Minuit

class zfit.minimize.Minuit(strategy=None, minimize_strategy=1, tolerance=None, verbosity=5, name=None, ncall=None, use_minuit_grad=None, **minimizer_options)[source]

Bases: zfit.minimizers.baseminimizer.BaseMinimizer, zfit.util.cache.GraphCachable

Parameters
  • strategy (Optional[ZfitStrategy]) – A ZfitStrategy object that defines the behavior of

  • minimizer in certain situations. (the) –

  • minimize_strategy (int) – A number used by minuit to define the strategy, either 0, 1 or 2.

  • tolerance (Optional[float]) – Stopping criteria: the Estimated Distance to Minimum (EDM) has to be lower then tolerance

  • verbosity (int) – Regulates how much will be printed during minimization. Values between 0 and 10 are valid.

  • name (Optional[str]) – Name of the minimizer

  • ncall (Optional[int]) – Maximum number of minimization steps.

  • use_minuit_grad (Optional[bool]) – If True, iminuit uses it’s internal numerical gradient calculation instead of the (analytic/numerical) gradient provided by TensorFlow/zfit.

add_cache_deps(cache_deps, allow_non_cachable=True)

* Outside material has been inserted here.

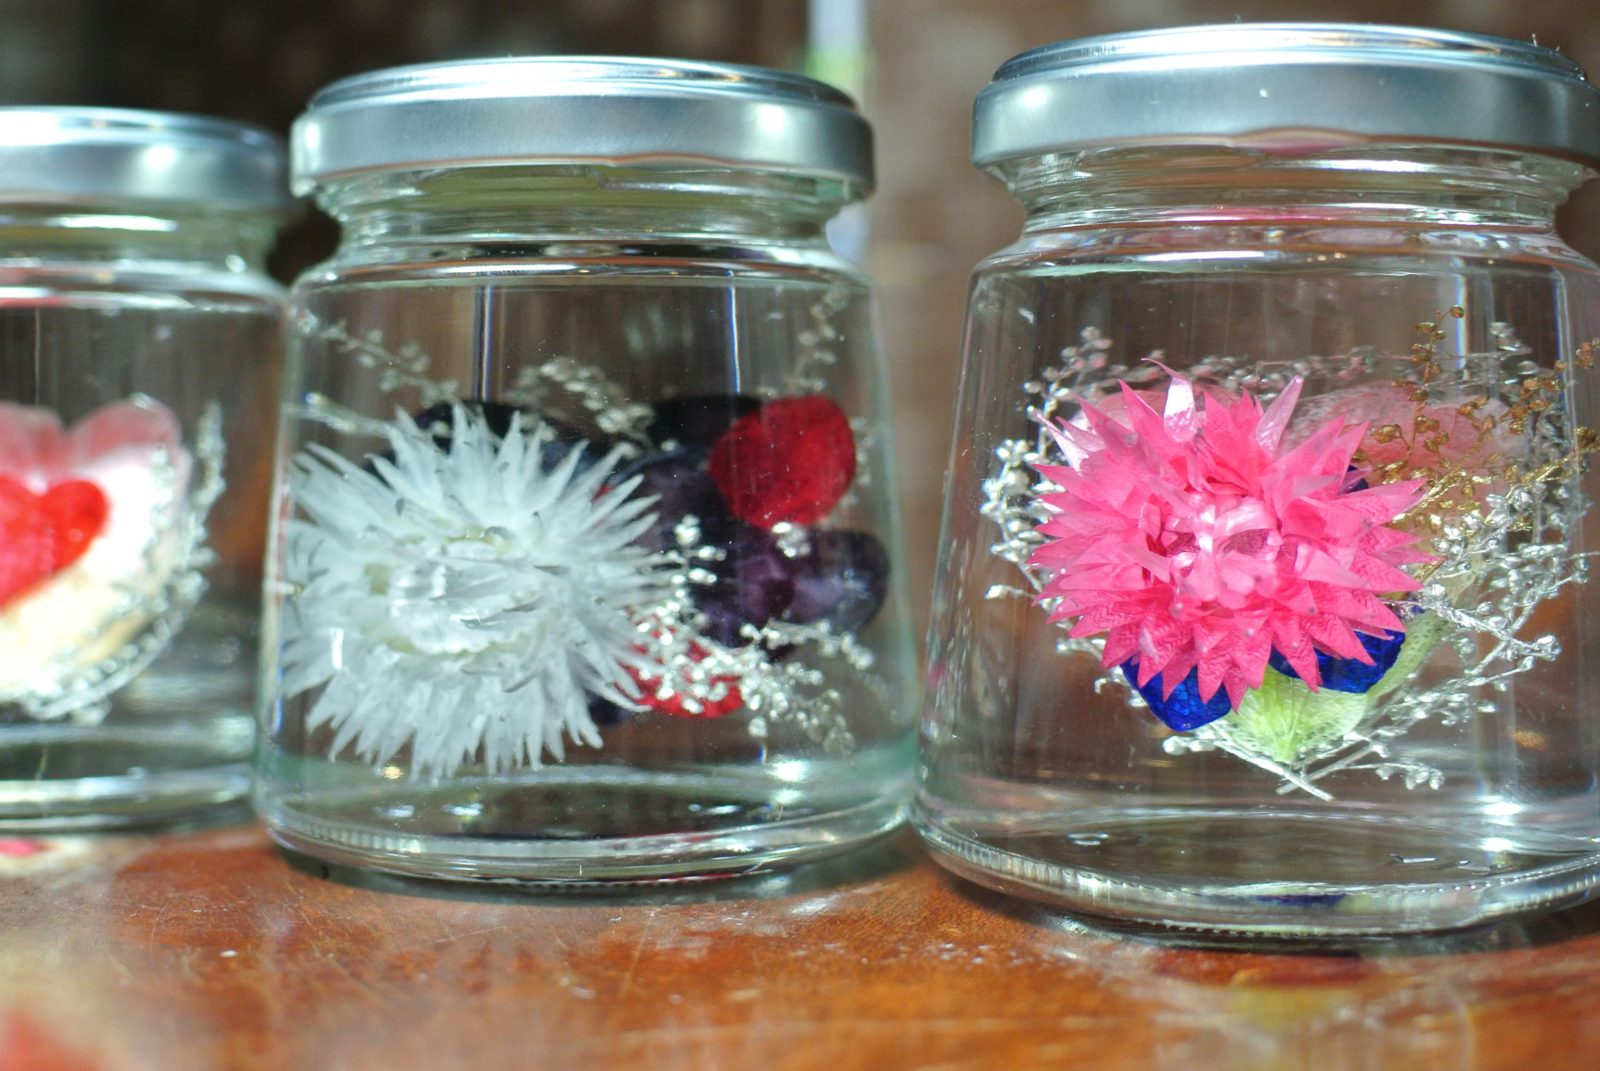 ﾌﾗﾜｰｱｰﾄﾘｳﾑ ﾊｰﾊﾞﾘｳﾑ ｻﾛﾝﾄﾞﾐﾅ 千葉県旭市で花屋をお探しならギフトに最適なスタンド花 ハーバリウムが評判のよしの生花

Add dependencies that render the cache invalid if they change.

Parameters
  • cache_deps (Union[ForwardRef, Iterable[ForwardRef]]) –

  • allow_non_cachable (bool) – If True, allow cache_dependents to be non-cachables. If False, any cache_dependents that is not a ZfitCachable will raise an error.

Raises

TypeError – if one of the cache_dependents is not a ZfitCachable _and_ allow_non_cachable if False.

minimize(loss, params=None)

Fully minimize the loss with respect to params.

Parameters
  • loss (ZfitLoss) – Loss to be minimized.

  • params (Optional[Iterable[ZfitParameter]]) – The parameters with respect to which to minimize the loss. If None, the parameters will be taken from the loss.

Return type

FitResult

Returns

The fit result.

register_cacher(cacher)

Register a cacher that caches values produces by this instance; a dependent.

Parameters

cacher (Union[ForwardRef, Iterable[ForwardRef]]) –

reset_cache_self()

Clear the cache of self and all dependent cachers.

step(loss, params=None)

Perform a single step in the minimization (if implemented).

Parameters

params (Union[Iterable[ZfitParameter], None, Iterable[str]]) –

Returns:

Raises

MinimizeStepNotImplementedError – if the step method is not implemented in the minimizer.